For many people, maps are still conceived as two-dimensional graphic representations of spatial arrangements, printed or drawn on paper, included in a book, posted against a wall or, more recently, seen on a computer or smartphone screen. From this perspective, maps remain static documents, offering a range of lifeless geodata such as landscape objects (buildings, rivers, roads, mountains, swamps, etc.), surface areas (parcels of land, parishes, communes, cities, states, continents, etc.) and/or their thematic attributes (population densities, outbreak of diseases, levels of education, etc.). The function of maps is limited to location (what is where) and the physical space of the representation (printed or digital) only serves as a receptacle or repository for information. For their part, cartographers tended, and still tend, to map stable phenomena to endow their products with ‘greater longevity if not greater utility,’ and also to shift ‘the burden of dealing with environmental temporality’ to the map users. In other words, ‘[b]y making maps of relatively static features, cartographers may simplify their job, but they largely ignore the fact that time is a vital part of the map user's world.’ As a result of this limited and limiting notion of maps, both movement and temporality are put in the background, stripping cartographic representations of their temporal depth, spatial dynamicity, and, equally important, of their potential and power as storytelling devices.

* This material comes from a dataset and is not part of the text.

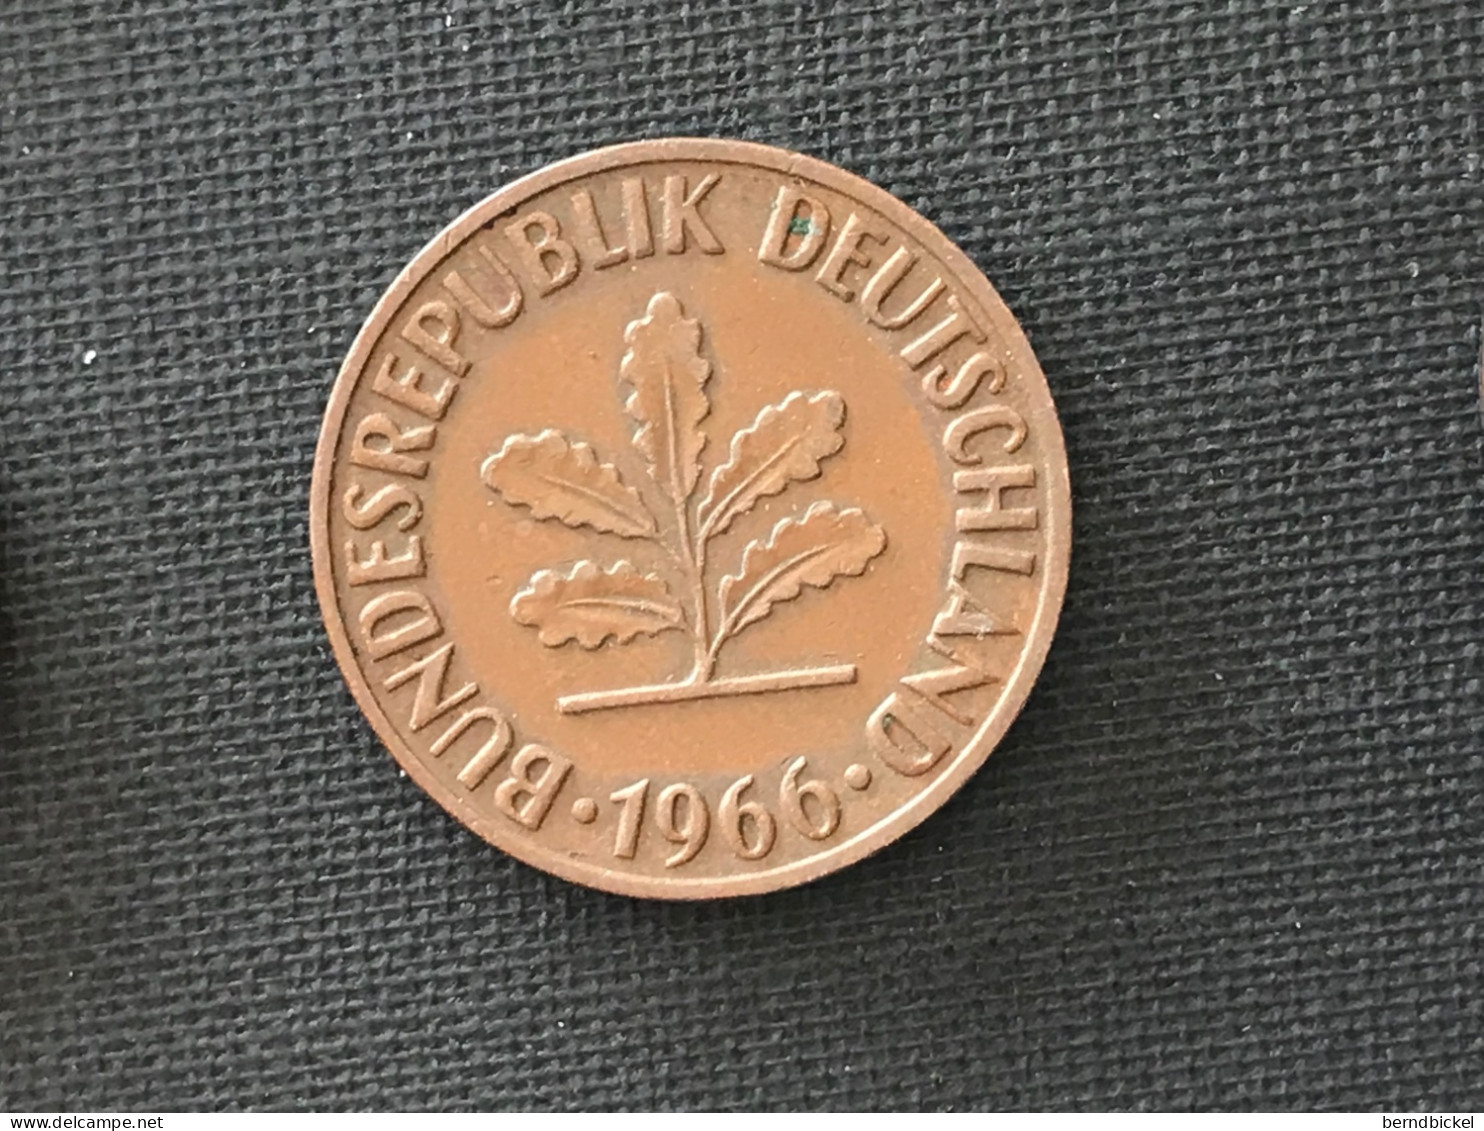 Münze Münzen Umlaufmünze Deutschland BRD 2 Pfennig 1966 Münzzeichen J - 2 Pfennig

However, many old and new maps provide far more than just a static representation of spatial arrangements. Numerous examples of maps present narratives (e.g. wars and sieges, natural disasters, building campaigns, and miraculous events) and movement (e.g. traffic flows, pilgrimages, migration patterns, discoveries, weather changes, and trade routes). They visualize a particular (hi)story that happened ‘in’ the mapped landscape or territory, and spread the news of one or more events; they show the directions, extent, and importance of flows of people, goods, physical phenomena, or societal trends. In addition, their production and consumption is always connected to flows of material and intellectual resources.